You may not have noticed but in the tiny implementation based upon your problem definition, I converted both ranges to tables.  I then used defined names to refer to ranges within the table.  This makes the named ranges dynamic.

 

@TwifooA I am reworking some things calculation speed doesn't seem to be an issue as it does this in about 1sec. The weird glitch when you click on an empty cell that is in a dynamic named ranges column but above its start point that is having the data reshuffle  in areas across the sheet is a pain. No data results are being dropped, but occasionally because it will insert a blank this causes a problem until I click on another cell and the blank goes away. 

 

No sense in sending it to you to look at the indirects until after I have modified the sheet formulas to use structured table references instead of dynamic named ranges. This does seem to be working better on a bunch of levels While I am at it I will look for dtat columns where I used array formulas and didn't need to.

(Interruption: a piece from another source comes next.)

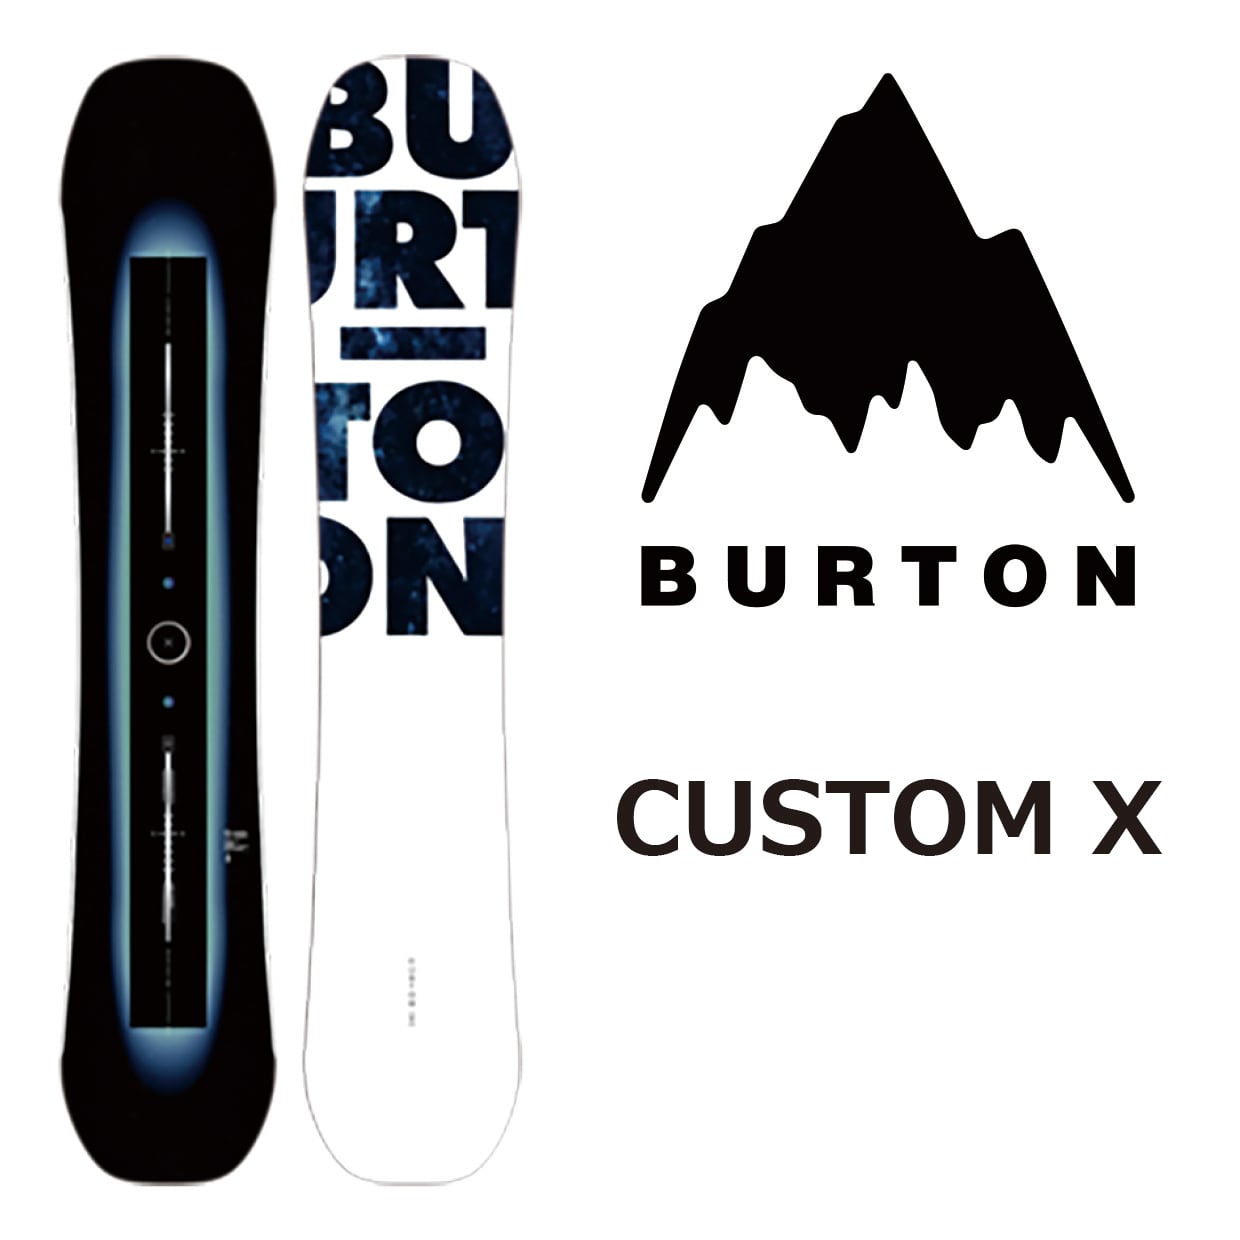 ◆ スノーボード BURTON CUSTOM X 156 cm カスタム スノボ

Yes I did notice that. At the time I was trying to avoid tables but alas another theory shot to hell lol. The larger problem I had with your solution is I was not just trying to sort large to small but thru comparison of what turned about to be 18 different criteria to establish the ordering,,, particularly for the middle values in the results column. I will assuredly revisit this though once I have reset my other 7 dynamic tables to use structured table references rather than dynamic named ranges

@Twifoo 

We may well finish up at a similar place.  It is just that I start with the assumption of array calculation and only decompose to single cell calculation when I have reason to do so.  That might be a use case that required incremental updates and only a small proportion of the calculation changes.  The other reason to use relative referencing is that I simply run out of array dimensions.

 

I think my use of arrays will increase with the modern Dynamic Arrays.  I really like the fact that the formula is held in a single cell and the spill region is determined without further user input (either manually determined fill ranges or the cumbersome CSE).  

@Dichotomy66 

SO the glitch I am having seems to be because EXCEL is saying I have circular references. I was careful not to have any, and the circular reference in error checking is greyed out. It keeps saying circular reference and I go to the cell it listed in the bottom left corner... refill the cell and then it sends me to another one somewhere else which doesn't exist. After 15 or so completely random cells always within a column of similar cells I gave up After looking online the only real explanation I found that made any sense was it is due to too many array formulas ,,,, BONUS points to  @Twifoo

Not sure that is actually the issue as it isn't resolved yet other than to allow iterations in calculate

@Dichotomy66 

I am with @Twifoo as far as the goal of removing

=INDIRECT(ADDRESS(ROW()+10,20)

is concerned.  It is a volatile function do not see what it achieves over and above a relative reference to the addressed cell.  Since the column picked up using INDEX value depends on the content of the cell, it is pretty arbitrary and circular references are likely to be a problem to track down.

@Peter Bartholomew 

=IFERROR(INDEX($BC$10:$BL$10,,(INDIRECT(ADDRESS(ROW(),20)))),(IFERROR(INDEX($BC$10:$BL$10,,(INDIRECT(ADDRESS((ROW()-(COUNT($T$2:$T$11)),21))…………..

 

So in the results column it travels down col 20 fine and yes I could use relative reference in that snippet. Now when I get to the next iferror I am a nonspecific number down the results column.. hence the (-COUNT...) because when I shift over to col 21 I need the result at the top. But I have no way of knowing when this event would trigger, 

The Indirect allows me to start this second iferror looking at the top of its column

 

Does that make sense?

Your use of multiple IFERROR functions is inefficient. It would be better if reduced to a minimum, perhaps only one.
Such inefficiency is further worsened by the multiple INDIRECT functions within them. INDIRECT can be completely avoided in your case. You only have to establish a definitive logic that determines which column to CHOOSE; otherwise, you need to refer to only one column. Succinctly, a change in your data layout is inevitable.